As part of a rolling effort to create a more "clean" product, Dunkin' Donuts will alter its recipes to remove all artificial dyes from its baked goods.

The company originally announced the move in March, but decided to speed up the process as a New Year's resolution this week. The dyes have already been removed from all doughnuts sold in the United States, both at their own locations and in restaurants and stores. The chain said that its goal was to "meet the evolving needs of our guests, including their preference for more nutritional transparency and simpler ingredients, while maintaining the great taste and fun, vibrant colors expected from Dunkin’ Donuts." 

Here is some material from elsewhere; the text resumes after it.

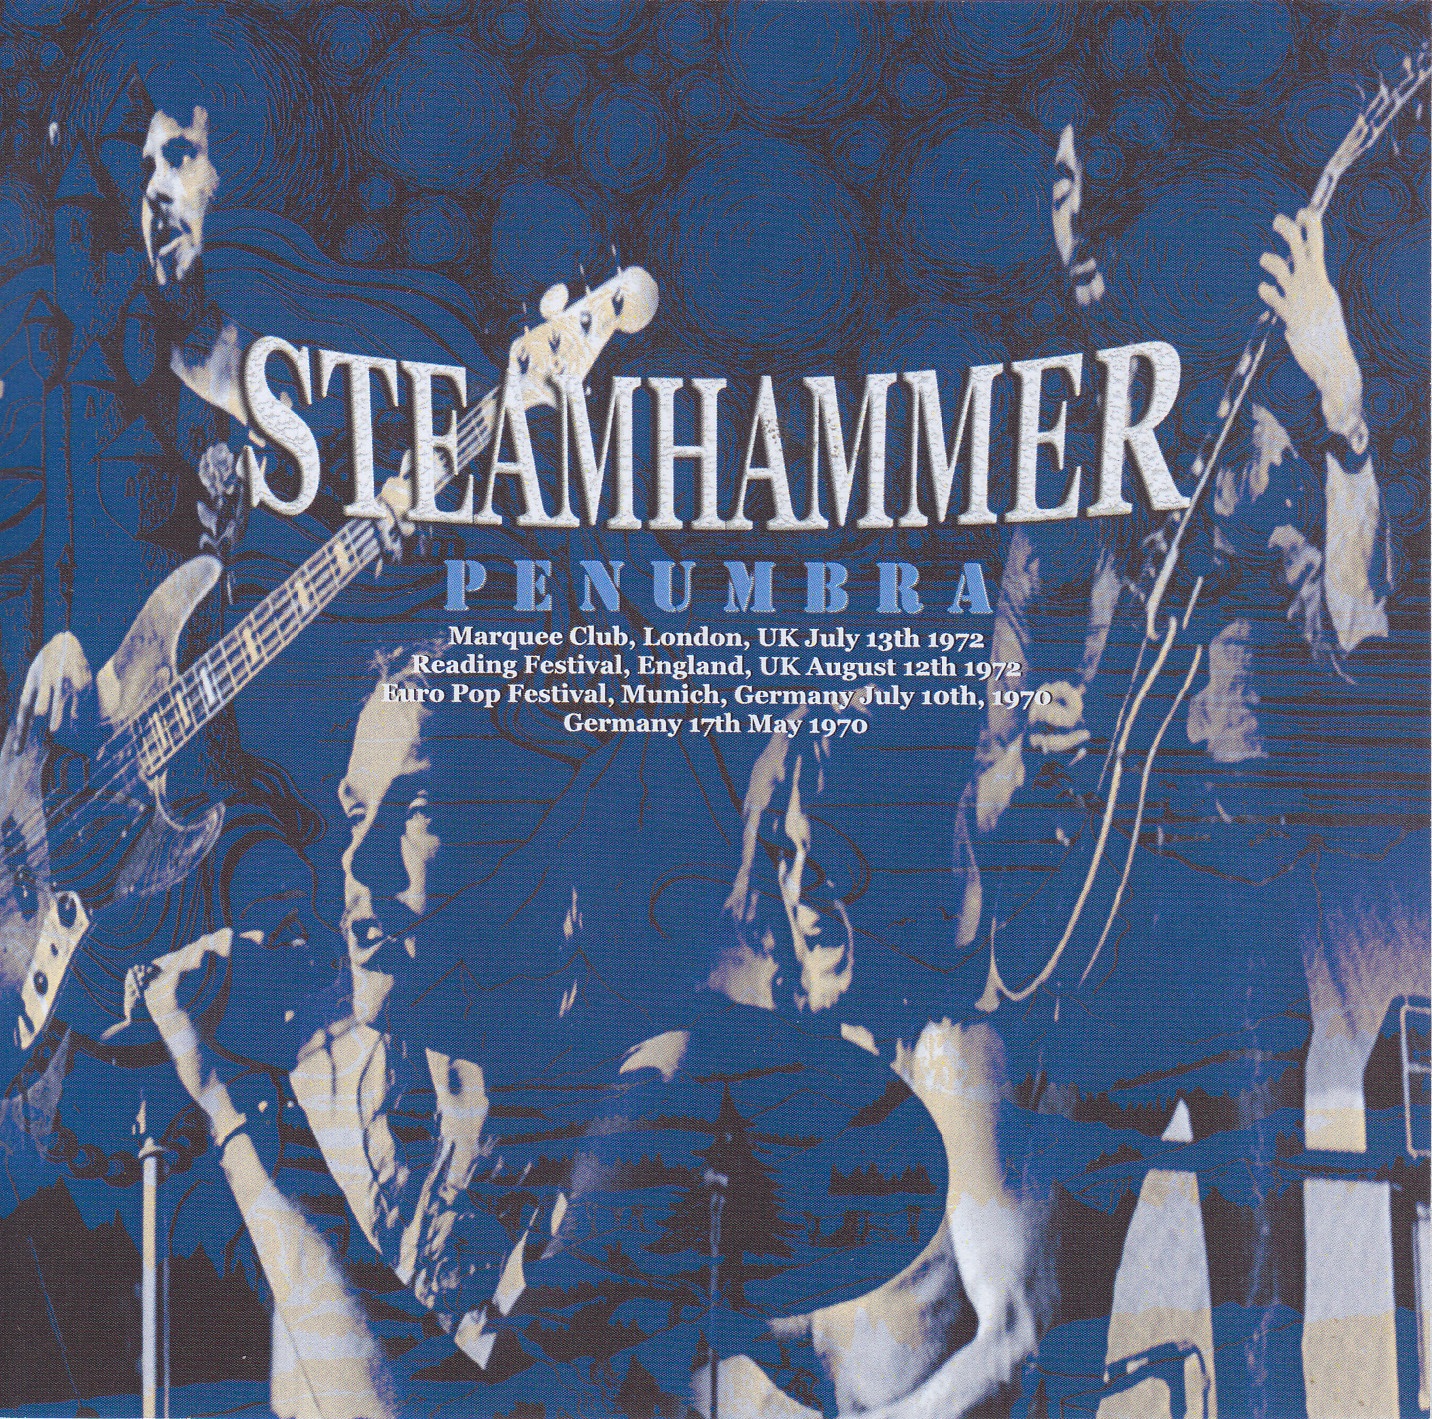 Steamhammer1970and1972Penumbra2CDbootCollection (2).jpg

"Our biggest challenge was replacing the artificial dyes in donuts with fruit juices and other extracts while balancing the flavor profile and bright colors. It took years of research and development to get it just right, and we couldn’t be happier with the final product," wrote Rick Golden, Dunkin' Brands "manager of donut excellence," in a blog post. (Homer Simpson will be so relieved that his favorite neon pink doughnut has been saved!)

By the end of the year, the company's entire menu will feature cleaner ingredients, including frozen drinks. The pastry chain is joining a growing number of companies making the decision to remove dyes. In 2015 Nestle took out artificial coloring from 250 chocolate products, and General Mills did the same for its Lucky Charms cereal and other products, CNN reported. 

Most artificial food coloring is used strictly for cosmetic purposes, and some studies based on animal research have shown serious health effects, according to CNN. The FDA allows for the use of artificial food dyes if manufacturers meet safety requirements.